Because of the high carrier mobility of germanium (Ge) and high dielectric permittivity of amorphous niobium pentoxide (a-Nb₂O₅), Ge/a-Nb₂O₅ heterostructures offer several advantages for the rapidly developing field of oxide-semiconductor-based multifunctional devices. To this end, we investigate the growth, structural, band alignment, and metal-insulator-semiconductor (MIS) electrical properties of physical vapor-deposited Nb₂O₅ on crystallographically oriented (100), (110), and (111)Ge epilayers. The as-deposited Nb₂O₅ dielectrics were found to be in the amorphous state, demonstrating an abrupt oxide/semiconductor heterointerface with respect to Ge, when examined via low- and high-magnification cross-sectional transmission electron microscopy.
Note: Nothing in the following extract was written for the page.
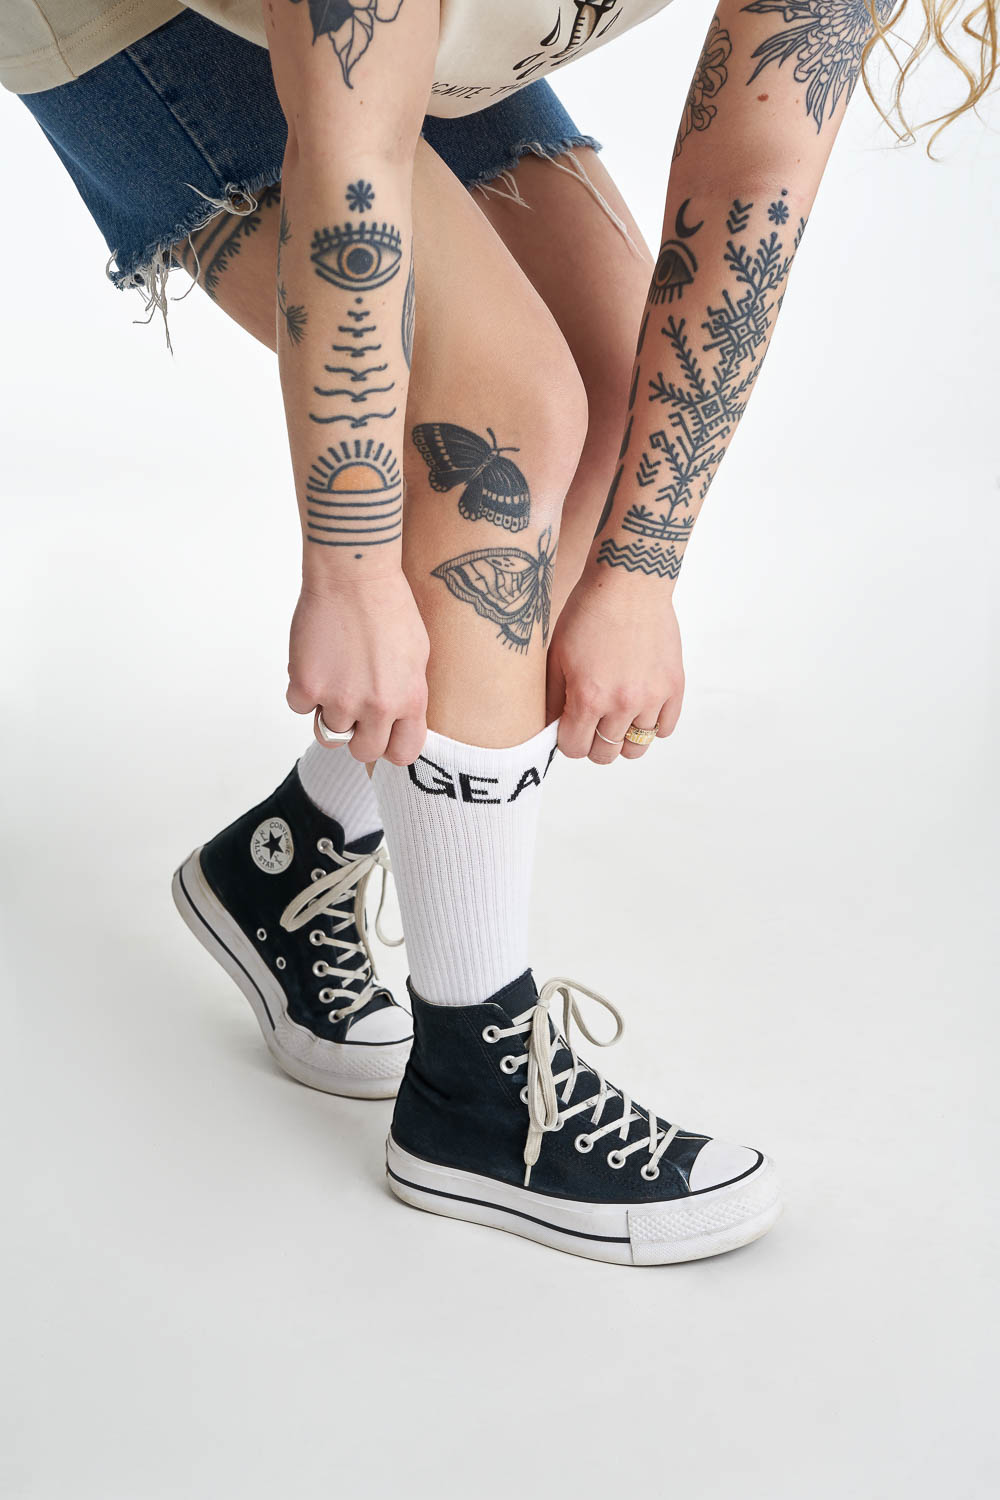 Women&#39;s legs wearing white socks with  &quot;gear&quot; motive

Additionally, variable-angle spectroscopic ellipsometry and X-ray photoelectron spectroscopy (XPS) were used to independently determine the a-Nb₂O₅ band gap, yielding a direct gap value of 4.30 eV. Moreover, analysis of the heterointerfacial energy band alignment between a-Nb₂O₅ and epitaxial Ge revealed valance band offsets (ΔE_V) greater than 2.5 eV, following the relation ΔE_V⁽¹¹¹⁾ > ΔE_V⁽¹¹⁰⁾ > ΔE_V⁽¹⁰⁰⁾. Similarly, utilizing the empirically determined a-Nb₂O₅ band gap, conduction band offsets (ΔE_C) greater than 0.75 eV were found, likewise following the relation ΔE_C⁽¹¹⁰⁾ > ΔE_C⁽¹⁰⁰⁾ > ΔE_C⁽¹¹¹⁾. Leveraging the reduced ΔE_C observed at the a-Nb₂O₅/Ge heterointerface, we also perform the first experimental investigation into Schottky barrier height reduction on n-Ge using a 2 nm a-Nb₂O₅ interlayer, resulting in a 20× increase in reverse-bias current density and improved Ohmic behavior.

Keywords: X-ray photoelectron spectroscopy; band offset; germanium; metal−insulator−semiconductor; niobium oxide.